Eddie had taken the pants off, although it was far too late to be seen without the hole. It had been there through most of the school year.

Eddie helps clear the table after dinner before heading to Jake's and the dump. “Eddie,” Grandma says as he's about to go out the door. She stands before the kitchen sink, washing dishes. “Don't you leave this house without tying your shoes. I can hear the laces slapping on the floor. You'll trip and break your neck.”

Eddie looks down at his runners. The laces are knotted and they do trail along the cabin floor. He bends down to tie them. At the same time he wonders how a new pair of glasses can sharpen a person's hearing. It's not easy to get them unknotted and tied up properly because he hasn't used them in ages, and although he's tripped many times, he's certainly never broken his neck.

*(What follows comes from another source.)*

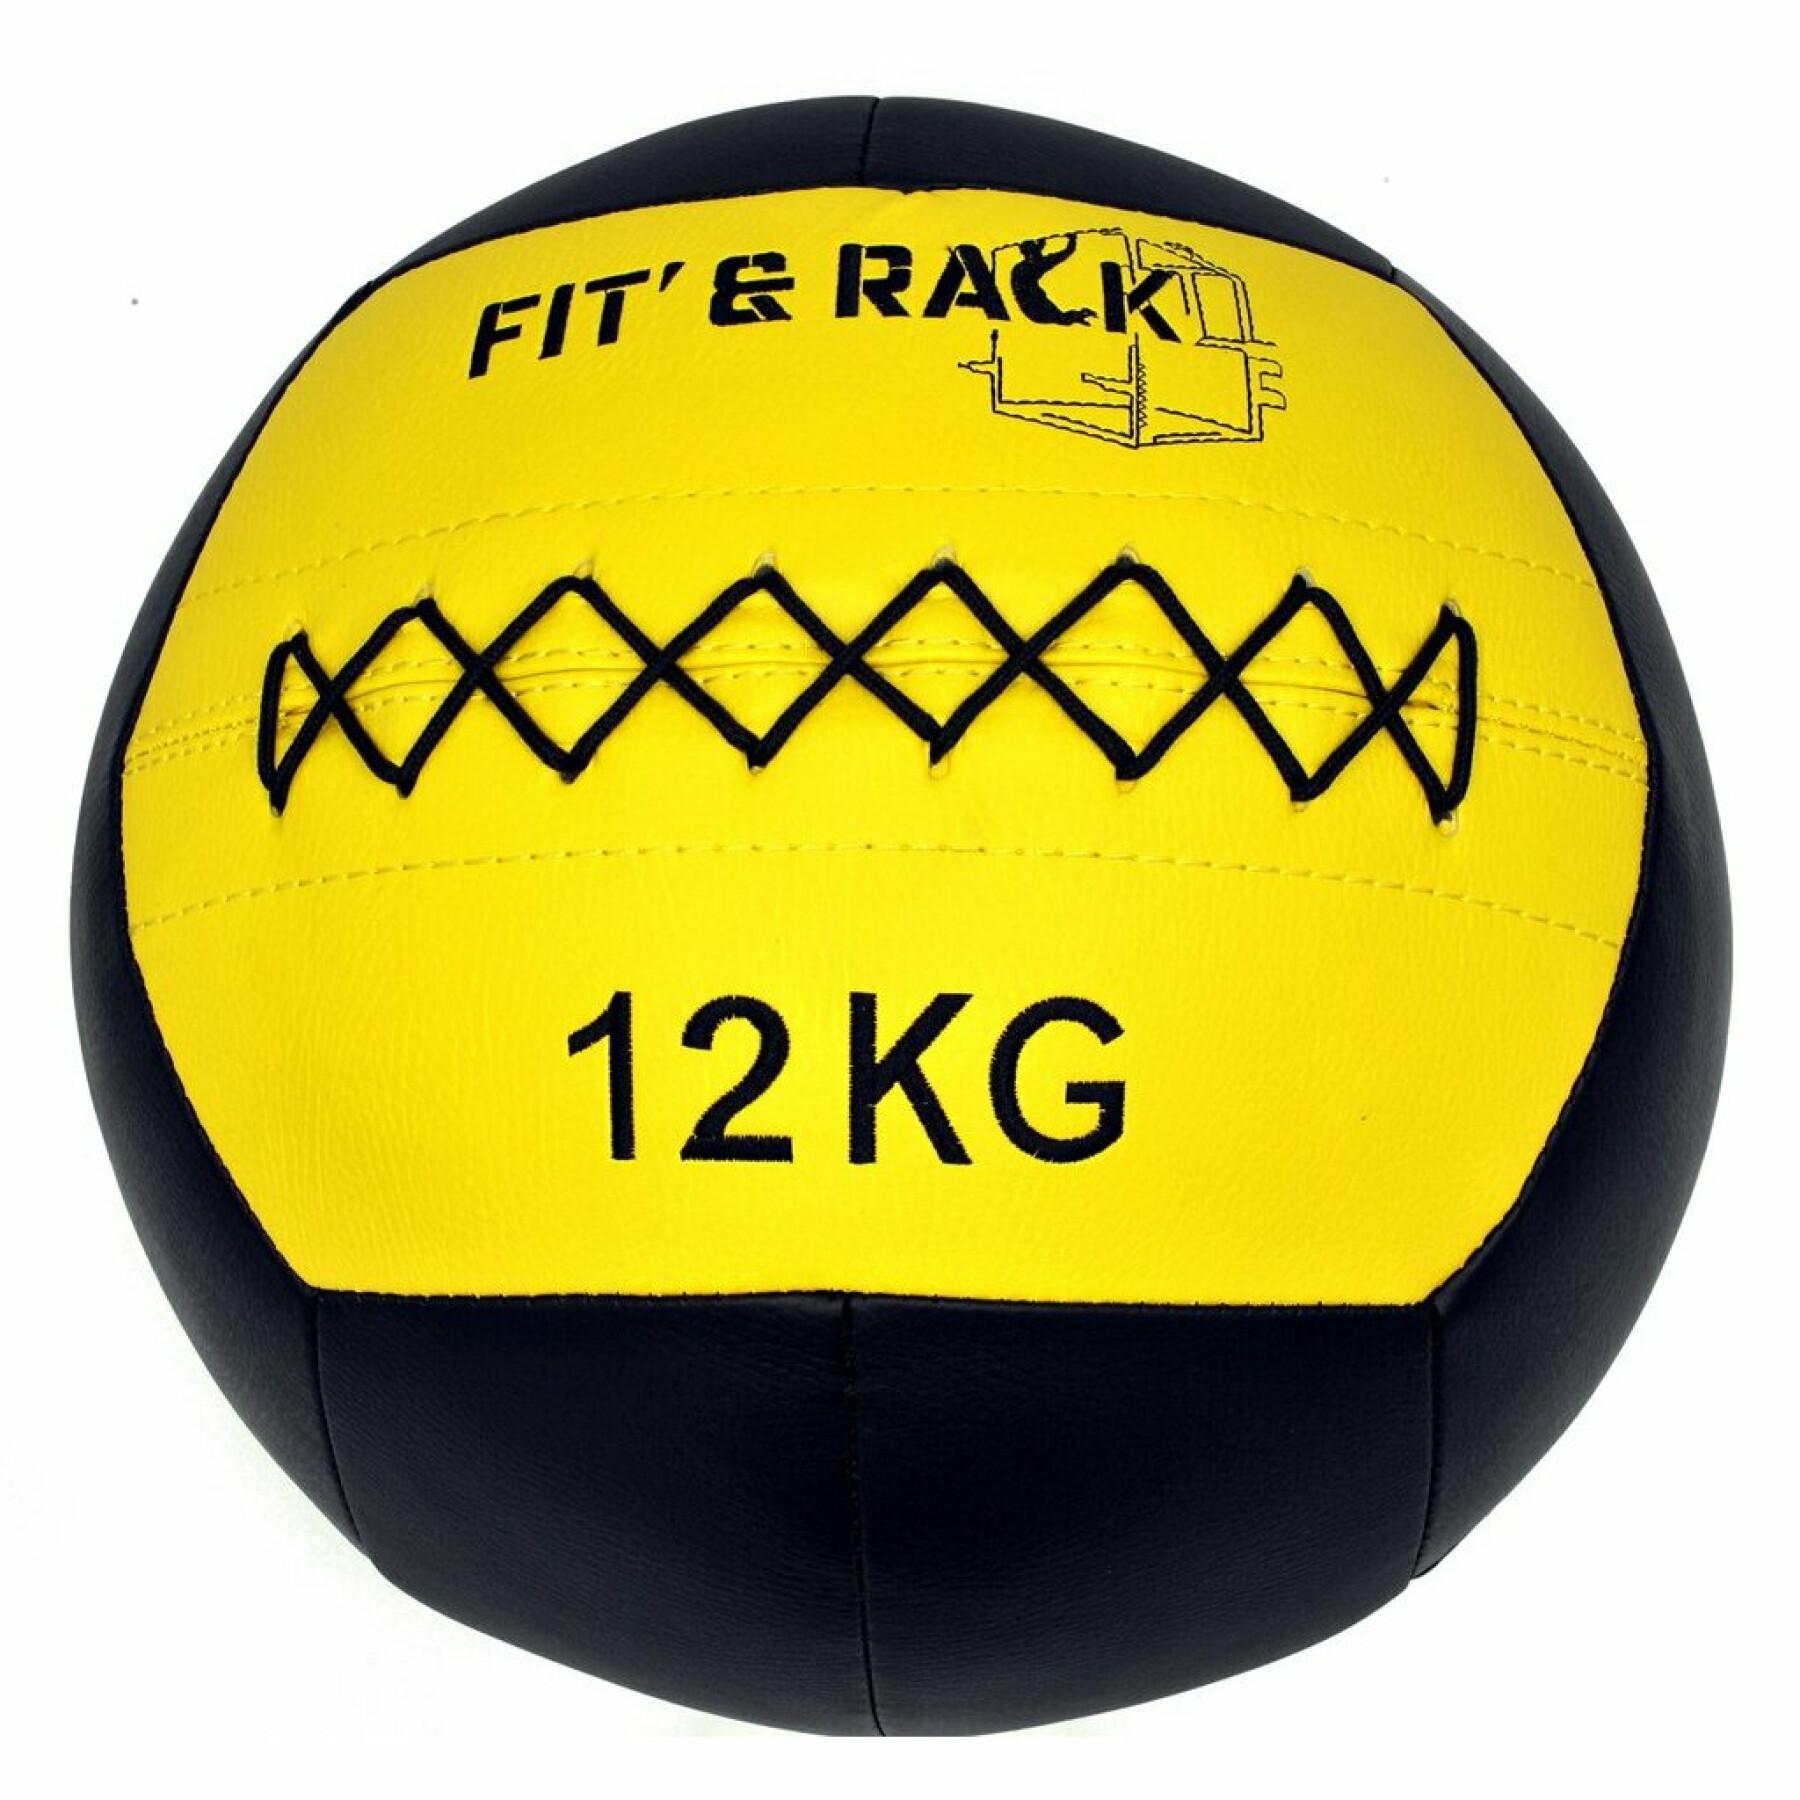 Concurso de bola de parede Fit & Rack 12 Kg

Seagulls circle above the dump, dozens of them, screaming at Jake and Eddie. The boys have to climb a chain-link fence built to keep Trotter and the other bears out. Once they're
inside, they scout for old bikes in the new garbage. They know all the bikes and who owns them in the village, but now and again a tourist will toss one out. There are no new bikes, but Jake stumbles on a wooden wagon the size of a small tub.

“It's got a broken axle,” he says after inspecting it, “but if we fix that, we can hitch it to the bike so neither of us has to walk.”

Eddie thinks this is a great idea. They could take turns between riding the bike and riding in the wagon. They then struggle to get it over the fence before the sky turns very dark.